United States District Court, S.D. California

November 18, 2019

UNITE HERE LOCAL 30, Petitioner,


          Hon. Michael M. Anello United States District Judge.

         On May 3, 2019, Unite Here Local 30 (“Petitioner”) filed a petition to compel arbitration (“Petition”) against Omni Hotels Management Corporation d/b/a Omni La Costa Resort & Spa (“Respondent”). Doc. No. 1.[1] Respondent moves to dismiss the Petition, arguing there is no basis to compel arbitration under the parties' collective bargaining agreement (“Agreement”) and, alternatively, Petitioner fails to state a plausible claim for violation of the Agreement. Doc. No. 11 at 8, 10. Petitioner responded in opposition to the motion, and Respondent replied. Doc. Nos. 12, 21. Additionally, Petitioner moves for summary judgment and attorneys' fees. Doc. No. 13. Respondent opposed the motion, and Petitioner replied. Doc.
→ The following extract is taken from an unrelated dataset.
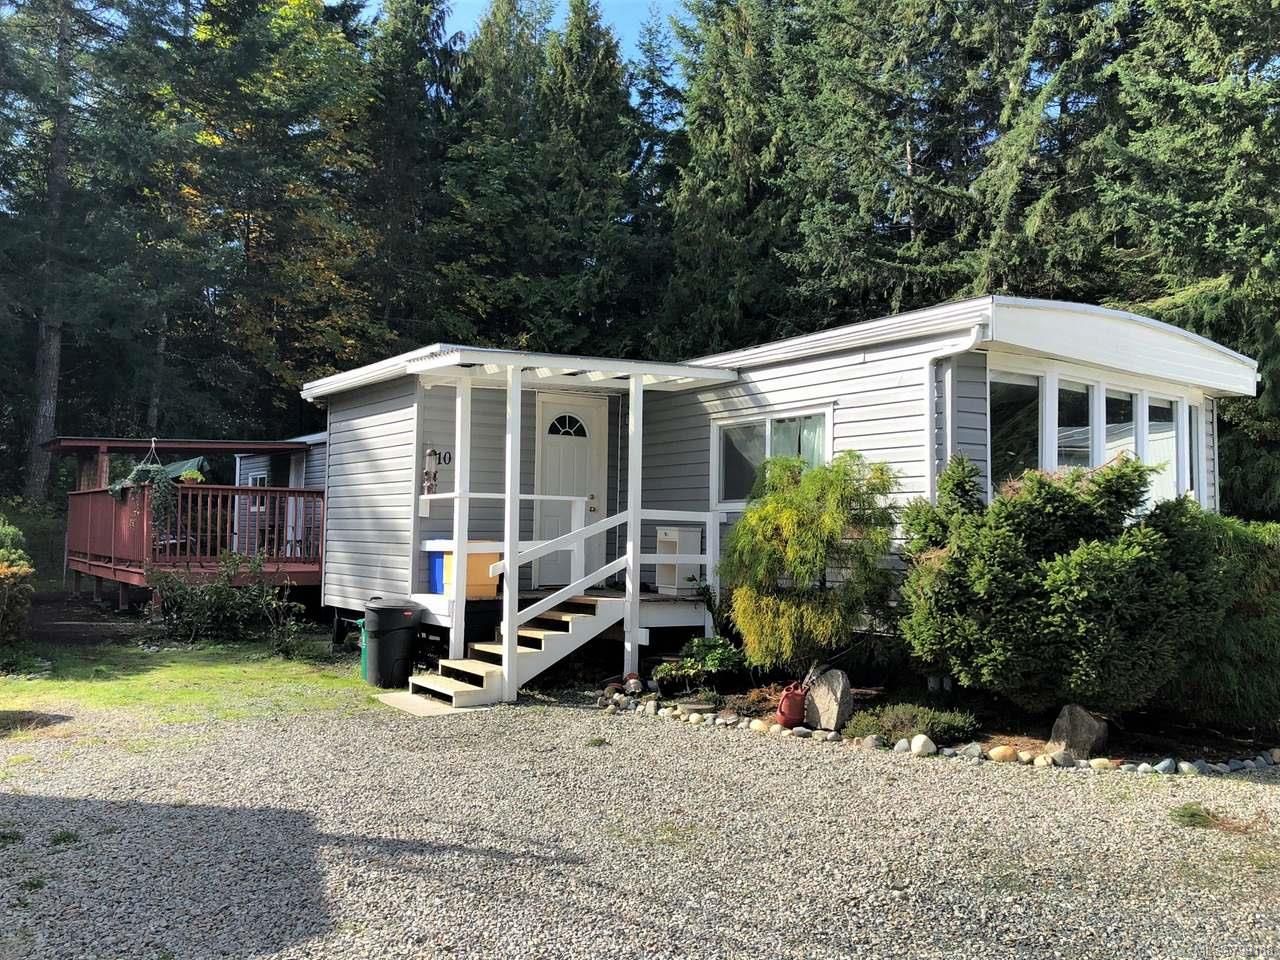 Photo 1: Photos: 10 3704 MELROSE ROAD in QUALICUM BEACH: PQ Errington/Coombs/Hilliers Manufactured Home for sale (Parksville/Qualicum)  : MLS®# 799188

Nos. 20, 22. The Court found the matters suitable for determination on the papers and without oral argument pursuant to Federal Rule of Civil Procedure 78(b) and Civil Local Rule 7.1.d.1. Doc. No. 23. As explained in further detail in footnote 5, infra, the Court disposes of the Petition, the motion to dismiss, and the motion for summary judgment in a single order. For the reasons set forth below, the Court GRANTS Petitioner's Petition to compel arbitration and DENIES Petitioner's motion for attorneys' fees.

         I. Background[2]

         Petitioner is a labor organization as defined in the Labor-Management Relations Act (LMRA) and has its principal place of business in California. Petition ¶ 2; see also 29 U.S.C. § 152(5) (defining “labor organization”). Respondent is incorporated and has its principal place of business in California. Petition ¶ 2. Petitioner represents various employees of Respondent as their “sole bargaining agent.” Agreement § 1(a).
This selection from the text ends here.